Muss Jaguar nicht auch im Bereich der Effizienz und der Umweltverträglichkeit etwas tun? Sogar in Amerika spielt das Themen für die Akzeptanz eines Produkts eine immer größere Rolle wie man auf der Autoshow in Detroit sehen kann. Was ist mit alternativen Antrieben, mir Flex-Fuel oder Hybrid?

Von unseren Autos werden in Amerika 55 Prozent mit Kompressormotor ausgeliefert. Das sagt etwas über die Erwartungen der Kunden. Aber natürlich arbeiten wir auch an Alternativen Antrieben. Gemeinsam mit Land Rover investieren wir in den nächsten fünf Jahren 1 Milliarde Euro in die Entwicklung von Umwelttechnologien, so arbeiten wir im Kraftstoffsektor in einer Partnerschaft mit BP, um die Beimischung von Ethanol oder Biodiesel für unsere Motoren verträglich zu machen.
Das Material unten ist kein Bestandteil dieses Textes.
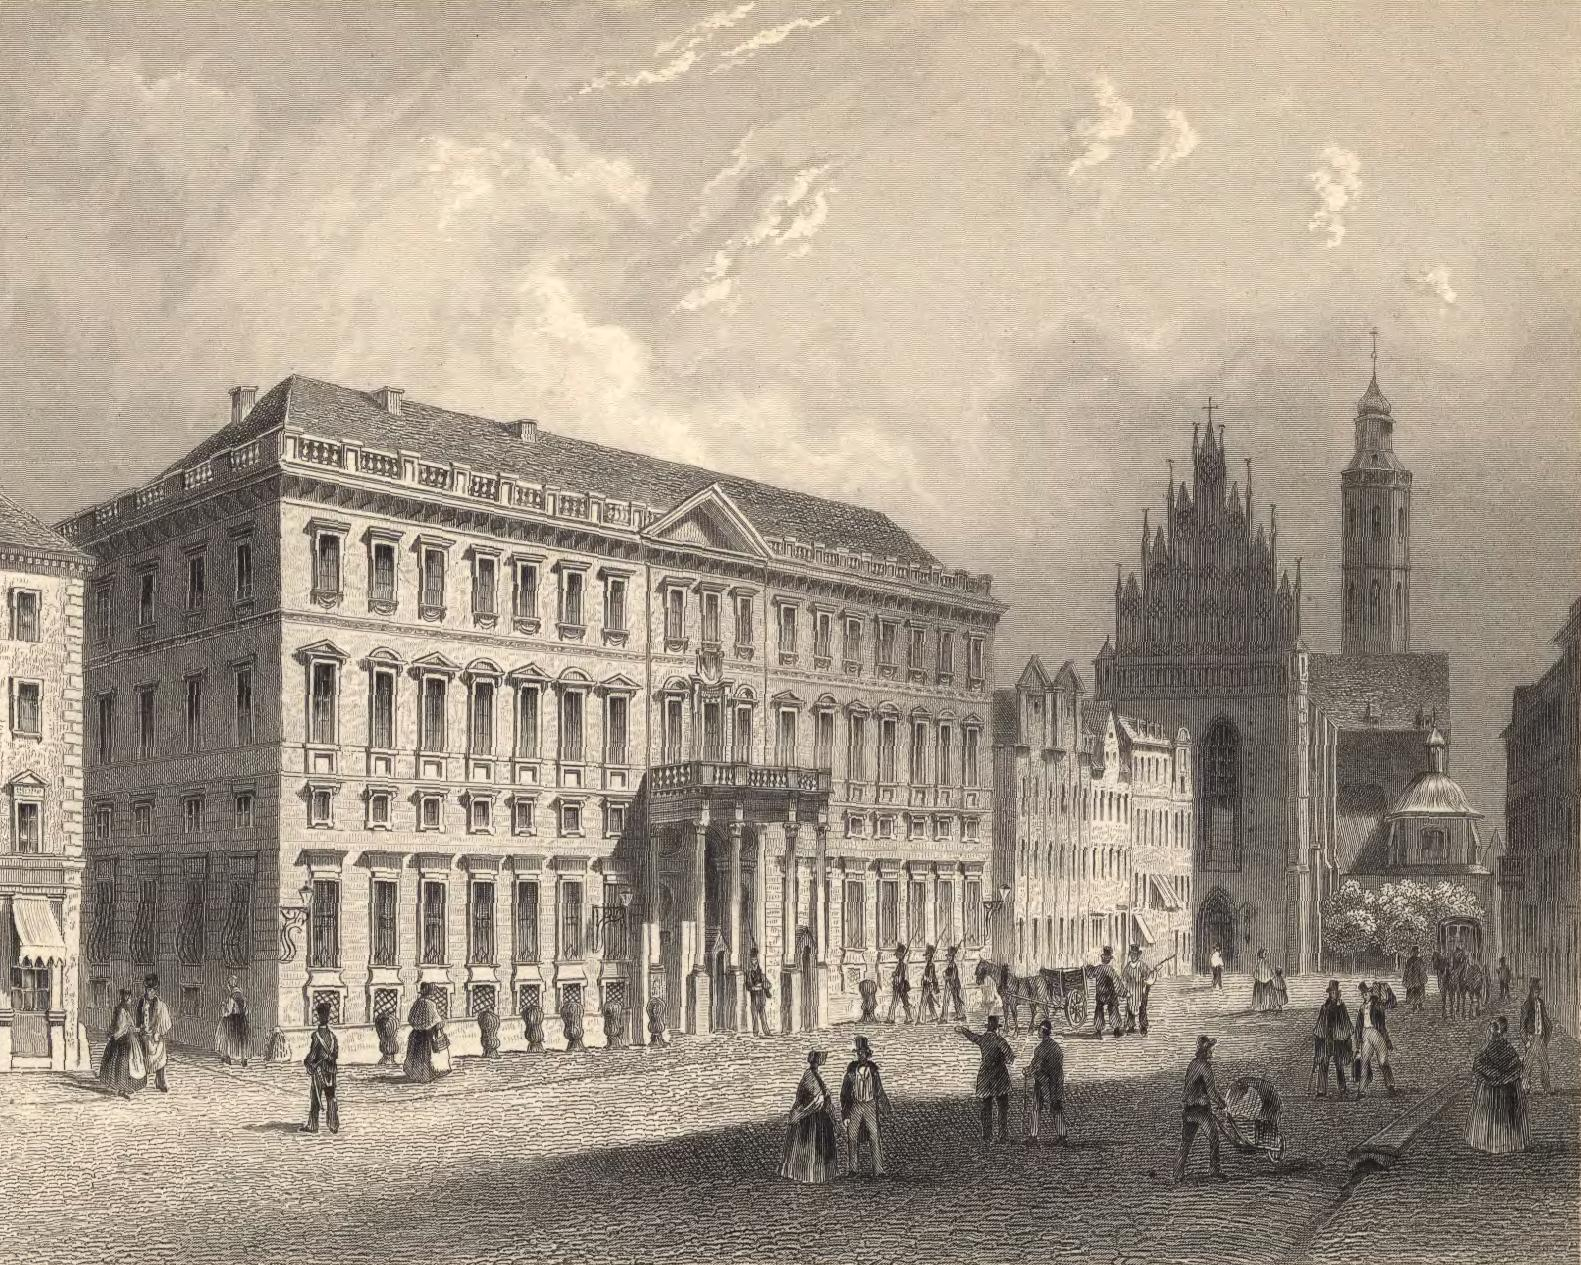 https://upload.wikimedia.org/wikipedia/commons/b/b2/Regierungsgeb%C3%A4ude_und_Dominikanerkirche_in_Breslau.jpg

Wäre es für Forschung und Entwicklung nicht besser, künftig ein großes Autounternehmen im Rücken zu haben, wie es bei Ford noch der Fall ist? Tata ist ein Gemischtwarenkonzern mit Autosparte und macht gerade als Hersteller eines Billigstautos Furore.

Es ist unerheblich für uns, ob eine große oder eine kleine Firma Eigentümer von Jaguar wird. Wir haben unsere eigenen Ingenieure, die den Geist von Jaguar verstehen und fortentwickeln. Wichtig ist nur die Unterstützung unserer Strategie und dass die notwendigen Investitionen vorgenommen werden.